Technology & Science

Endeavour undocks from space station

Two Canadian astronauts said their goodbyes aboard the International Space Station on Tuesday, with Julie Payette returning to the Earth-bound space shuttle and Robert Thirsk continuing his stay aboard the orbiting outpost.

Two Canadian astronauts said their goodbyes aboard the International Space Station on Tuesday, with Julie Payette returning to the Earth-bound space shuttle and Robert Thirsk continuing his stay aboard the orbiting outpost.

The space shuttle Endeavour undocked from the International Space Station at 1:26 p.m. ET and began a final fly-around of the station before heading on course for a Friday landing at NASA's Kennedy Space Center in Florida.

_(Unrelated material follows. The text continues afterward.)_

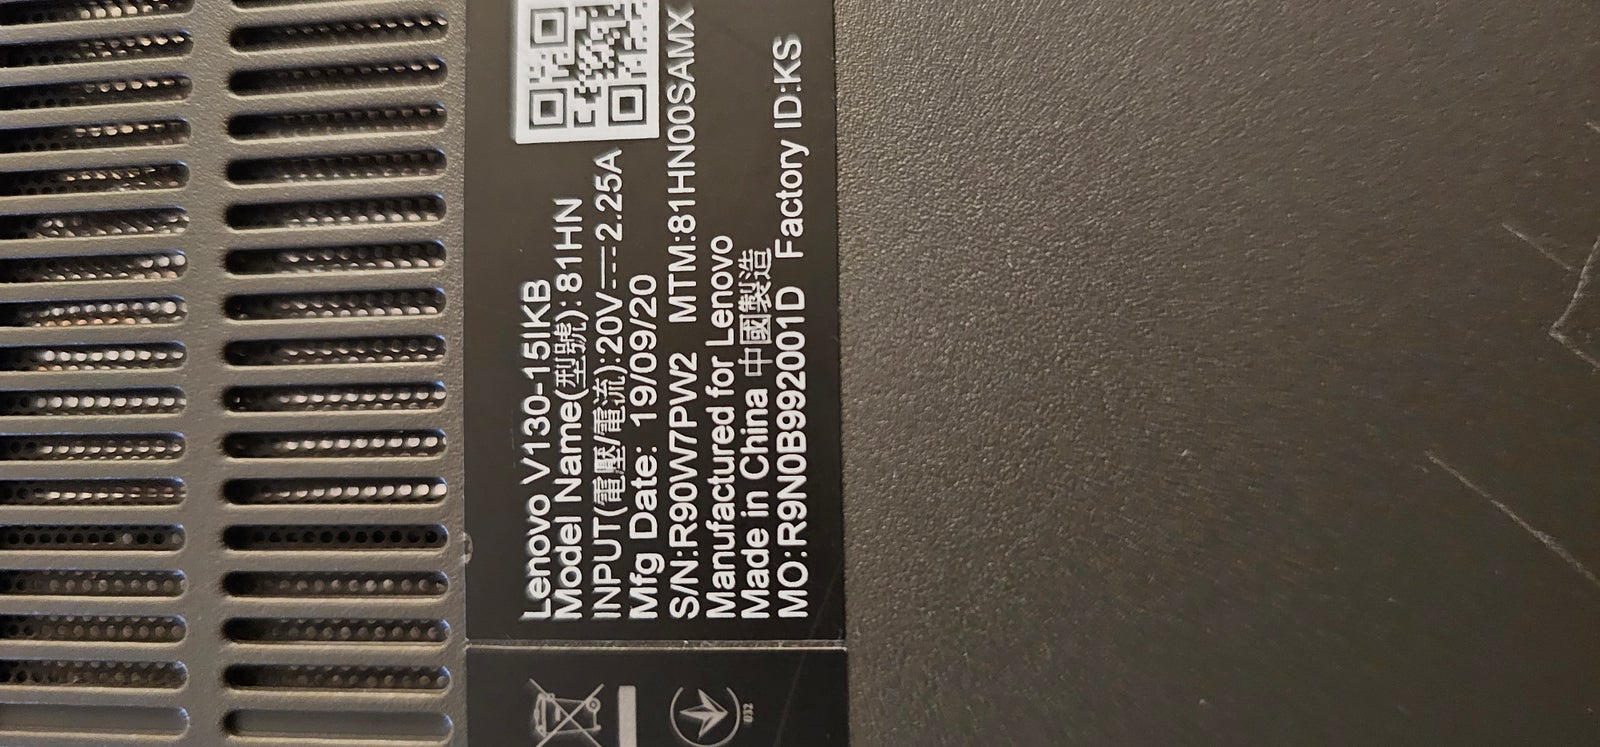 Lenovo V130-15IKB 81HN, Intel Core i7 (7th Gen) 7500U GHz, 8

Endeavour arrived at the space station a week and a half ago on a mission to install a porch-like structure used to conduct experiments exposed to the harsh conditions of outer space — the third major component to Japan's Kibo laboratory.

The shuttle also delivered U.S. astronaut Tim Kopra, the newest crew member to the six-person space station team. He replaces Japan Aerospace Exploration Agency astronaut Koichi Wakata, who had been aboard the station since March and is on board Endeavour as it departs the station.

The shuttle mission was a first for Canada, as the arrival of Montreal-born Payette marked the first time two Canadians worked together in space.

Thirsk, from New Westminster, B.C., travelled to the space station aboard a Russian Soyuz rocket, which lifted off from a launch pad in Kazakhstan on May 27. He is living on the station for six months, the first Canadian to stay aboard the station for an extended period of time.

The mission was also the first time 13 astronauts worked together on a mission, the largest-ever gathering of people in space.